A duck is a duck and a goose is a goose. One must call a duck a duck and a goose a goose. Even if sometimes some observers get mistaken and think they are the same.
 
It will fall to God and perhaps human justice too -to judge the culpability of such. Unintentional killing is not the same thing as murder.

But even if something is not “murder” per se–that does not remove various potential grave offenses against human life etc.
I’m not asking about human law. I’m asking about the morality.
 
It will fall to God and perhaps human justice too -to judge the culpability of such. Unintentional killing is not the same thing as murder.

But even if something is not “murder” per se–that does not remove various potential grave offenses against human life etc.
Are you saying we can’t know the morality of it? They are directly causing the death of another human. How could it be anything less than murder?
 
Yes that is what I am addressing. Morality.

No I did not say that.

Something can be gravely wrong – seriously sinful -without being called by the name of murder.
So you can take the life of another an it’s not murder? ( nor the 3 covered in the catechism)
 
If leave a skateboard out --not thinking it will kill anyone --and someone slips on it and hits their head and dies. Such is not murder.

Now there may be some culpability on my part here or there may not be. But I cannot be said to have murdered the person.
 
If leave a skateboard out --not thinking it will kill anyone --and someone slips on it and hits their head and dies. Such is not murder.

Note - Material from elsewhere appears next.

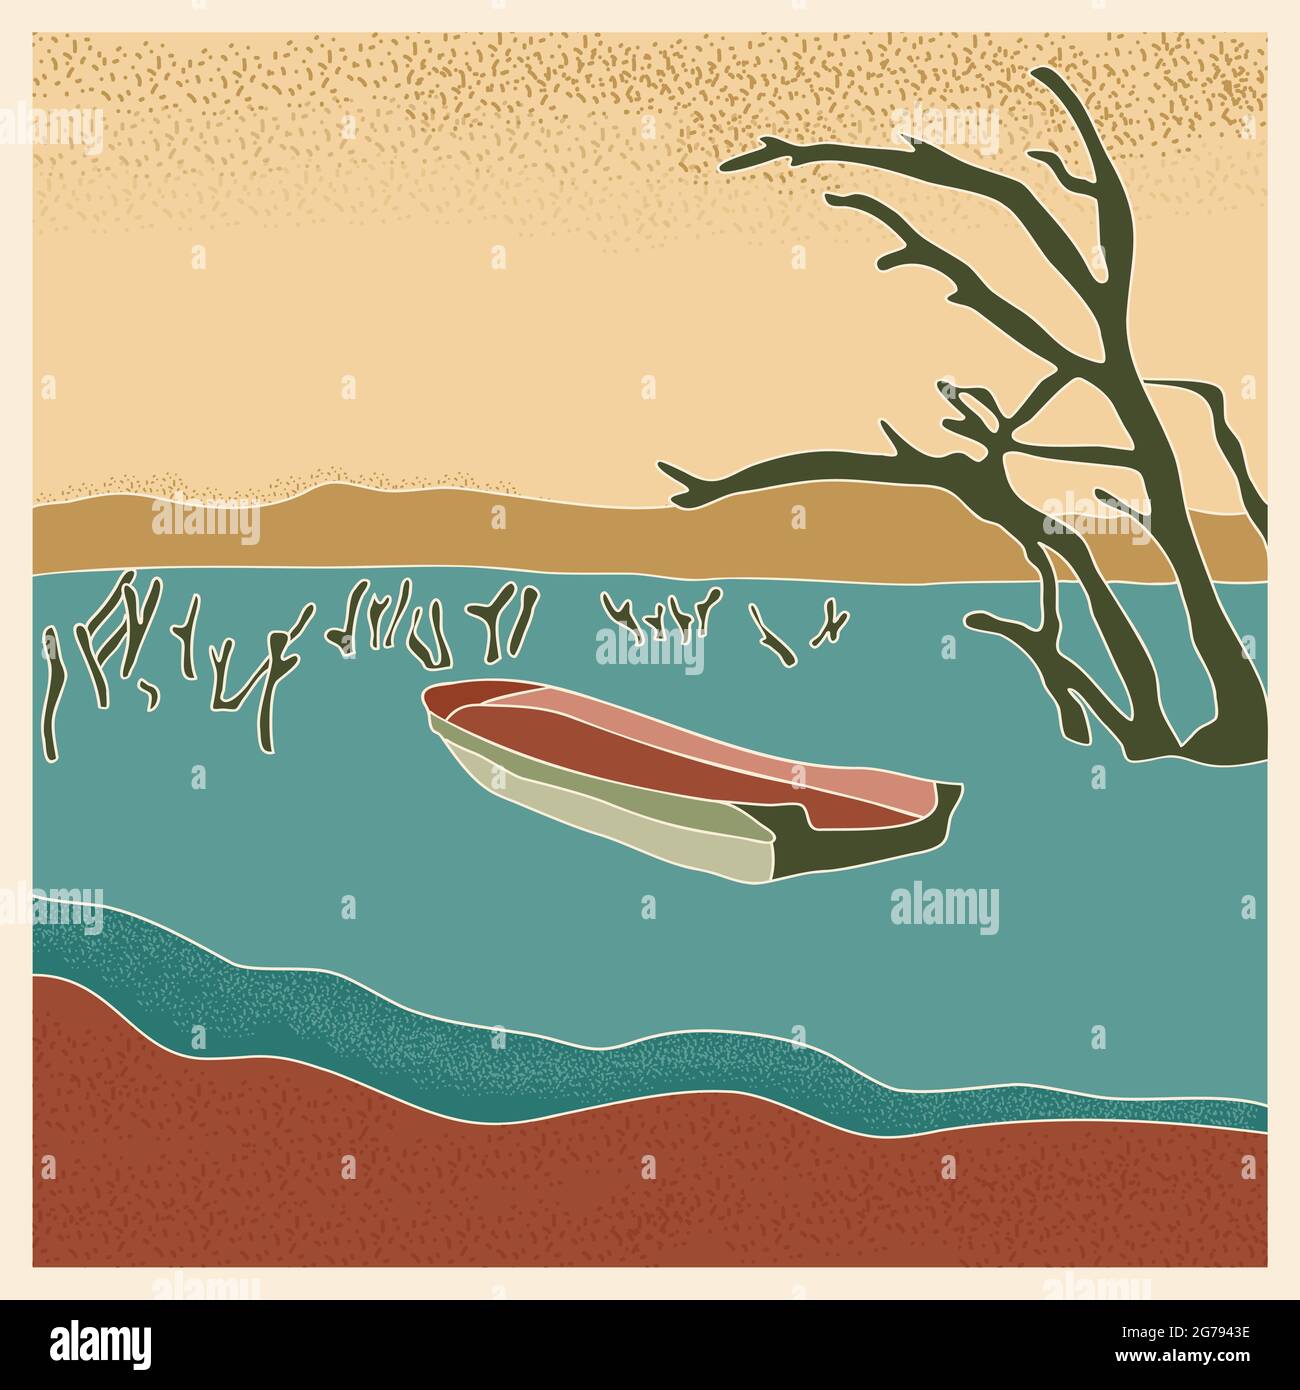 Abstraktes Retro-Landschafts-Poster. Stilisiertes Boot im See mit trockenen Baumstämmen, Berge am Horizont Vektordarstellung mit Geräuschen Stock Vektor

Now there may be some culpability on my part here or there may not be. But I cannot be said to have murdered the person.
I’m not talking accidents.

Take the dumping of the chemicals that cause cancer that kills kids.
 
Is it murder?
If say some dictator had chemicals added to the drinking water so his people would die. That is yes certainly murder.

If the head of some company dumped some chemicals into the water knowing the children down stream would die cause well he thinks there are too many of them…
Such would fit murder.

But a company who just thinks they are dumping some chemicals -then then later they find out causes cancer --that would not really go under “murder”.

There are all sorts of grave offenses that are not “murder”. And all sorts that are gravely contrary to the life and good of persons.